O_t＝σ(W₀·[h_t-1，x_t]+b₀) (5)

h_t＝O_t·tanh(C_t) (6)

wherein, O_tIs the output of an output gate, W₀Is the weight, h_t-1Is the last momentOutput of (a), x_tIs the current input, b₀Is an offset, C_tIs a new memory cell.

Second part neural network prediction

The second type of information processing employs a CNN (convolutional neural network), which is a type of feed-forward neural network that includes convolution calculation and has a deep structure, and the overall structure mode is input-convolutional layer-pooling layer-full-connection layer-output. The function of the convolutional layer is to extract the characteristics of input data, the convolutional layer internally comprises a plurality of convolutional kernels, and each element forming the convolutional kernels corresponds to a weight coefficient and a deviation amount, and is similar to a neuron of a feedforward neural network. After the feature extraction is performed on the convolutional layer, the output feature map is transmitted to the pooling layer for feature selection and information filtering. The pooling layer comprises a preset pooling function, the function of the pooling function is to replace the result of a single point in the feature map with the feature map statistic of the adjacent area, and the model adopts L_PPooling, which is a type of pooling model developed by the inspired visual cortical inner-layer hierarchical structure, and is generally expressed in the form of:

in the formula (I), the compound is shown in the specification,

is the output of the pooling model, S₀Step length, (i, j) are pixels, p is a preset parameter, and the parameter p in the method is described by taking 1 as an example, that is, taking an average value in a pooling area, which is also called average pooling. The pooling layer is followed by a fully-connected layer, which in a convolutional neural network is equivalent to the hidden layer in a conventional feed-forward neural network. The fully-connected layer is located at the last part of the hidden layer of the convolutional neural network and only signals are transmitted to other fully-connected layers. The characteristic diagram loses a space topological structure in a full connection layer, is expanded into vectors and maps the vectors to an output end through an excitation function, and introduces a nonlinear factor, so that a neural network can arbitrarily approximate any nonlinear lineThe rod neural network can be applied to a plurality of nonlinear models to better fit gesture data through a linear function.

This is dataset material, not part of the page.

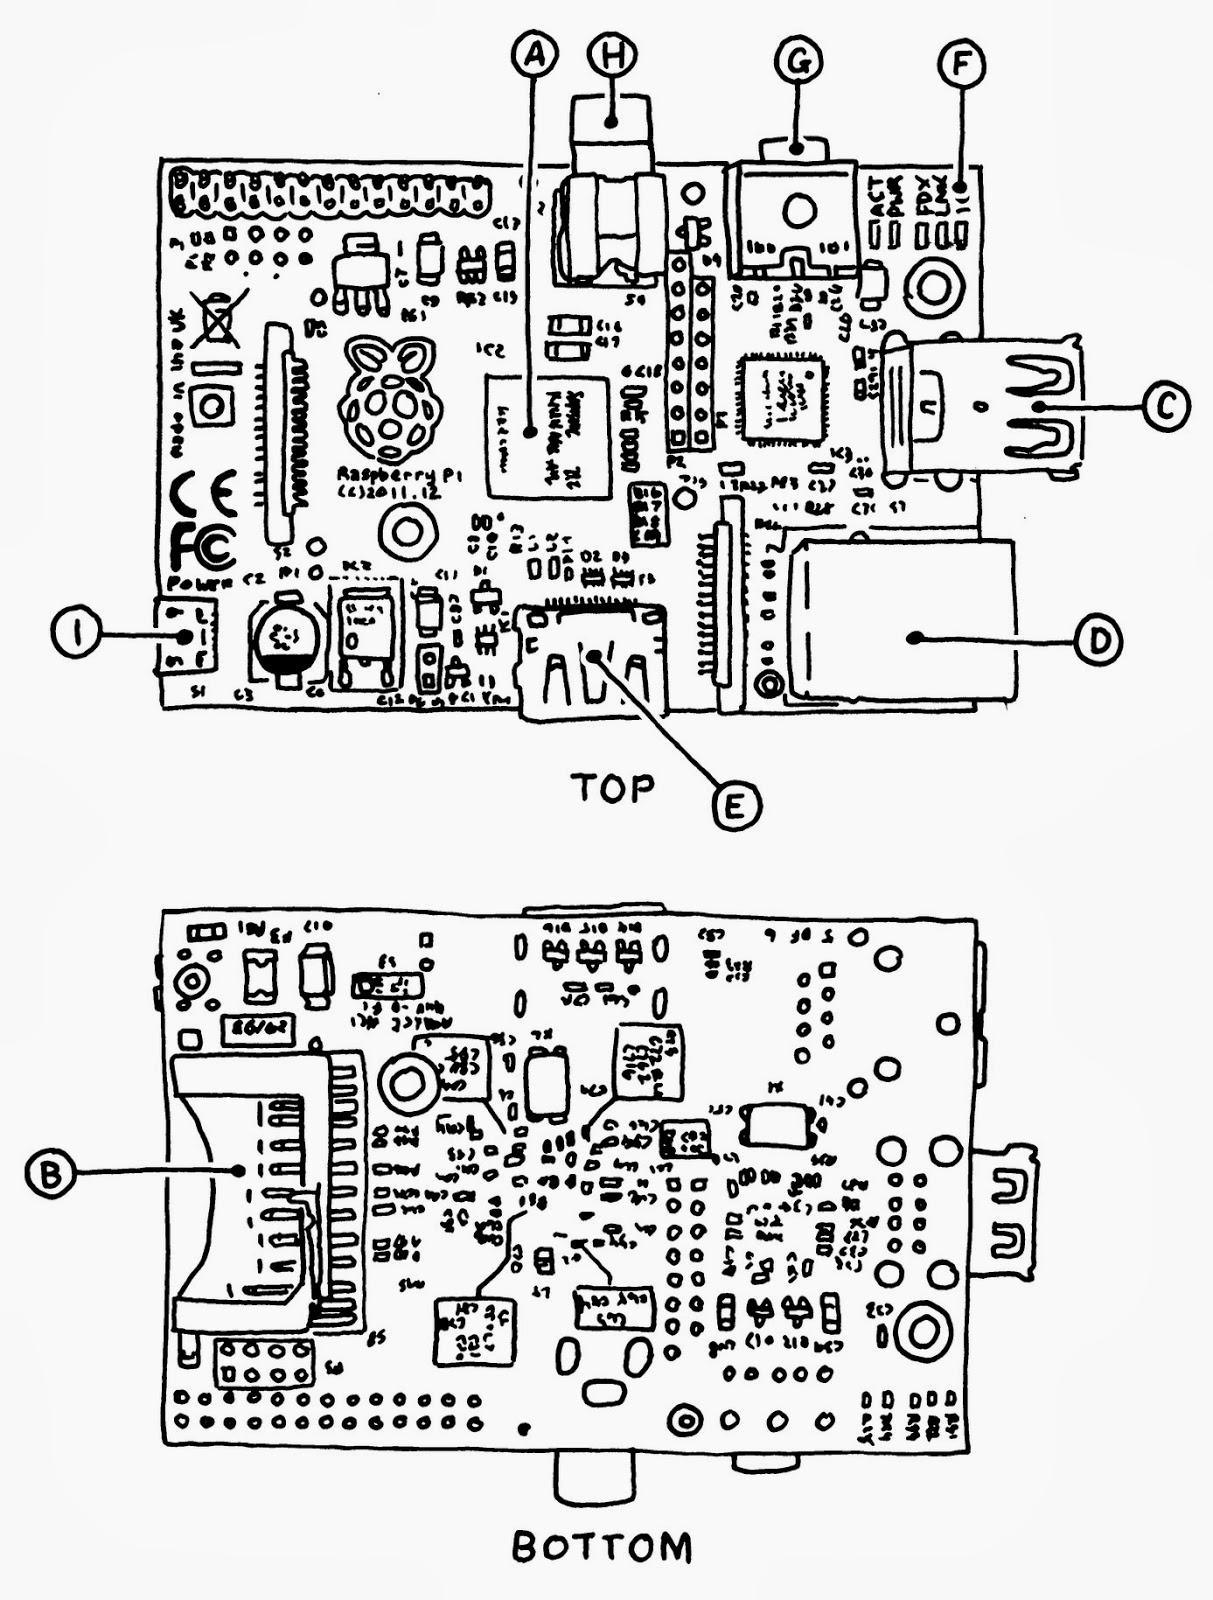 parts of raspberry pi

The CNN model and the LSTM model are obtained by pre-training in advance, and data of the pre-training model is data of a user in a suspended state by adopting a standard typing method. The two types of models output a probability matrix, the output of the CNN model is set as a probability matrix x, the output of the LSTM model is set as a probability matrix y, corresponding elements of four matrixes of the four types of data are weighted in an average manner to obtain a final prediction matrix z of the neural network, and z characters corresponding to the maximum probability are selected as output. The first type is that IMU and myoelectric information of data glove data adopt LSTM model, the second type is that deformation information of data glove and image information of binocular camera adopt CNN model, so each kind of data corresponds to a matrix. IMU data is output as a probability matrix y1 through an LSTM model, electromyographic data is output as a probability matrix y2 through the LSTM model, deformation data is output as a probability matrix x1 through a CNN model, and image data is output as a probability matrix x2 through the CNN model. And (4) carrying out average weighting on corresponding elements of four matrixes of the four data to obtain a final prediction matrix z of the neural network.

z is a x1+ b x2+ c y1+ d y 2. Where a, b, c, d, 1/4 are the average weighted weights.

Third part fuzzy-conscious reasoning

The main principle of the part is to utilize the prior knowledge and regularity of the pinyin of the Chinese characters, namely in the pinyin of the Chinese characters, the letters next following each letter are limited, and the probability of the occurrence of other letters is 0.

For example: the pinyin at the beginning of a is followed by 'i', 'o' and 'n', and the probability of other characters is set to be zero.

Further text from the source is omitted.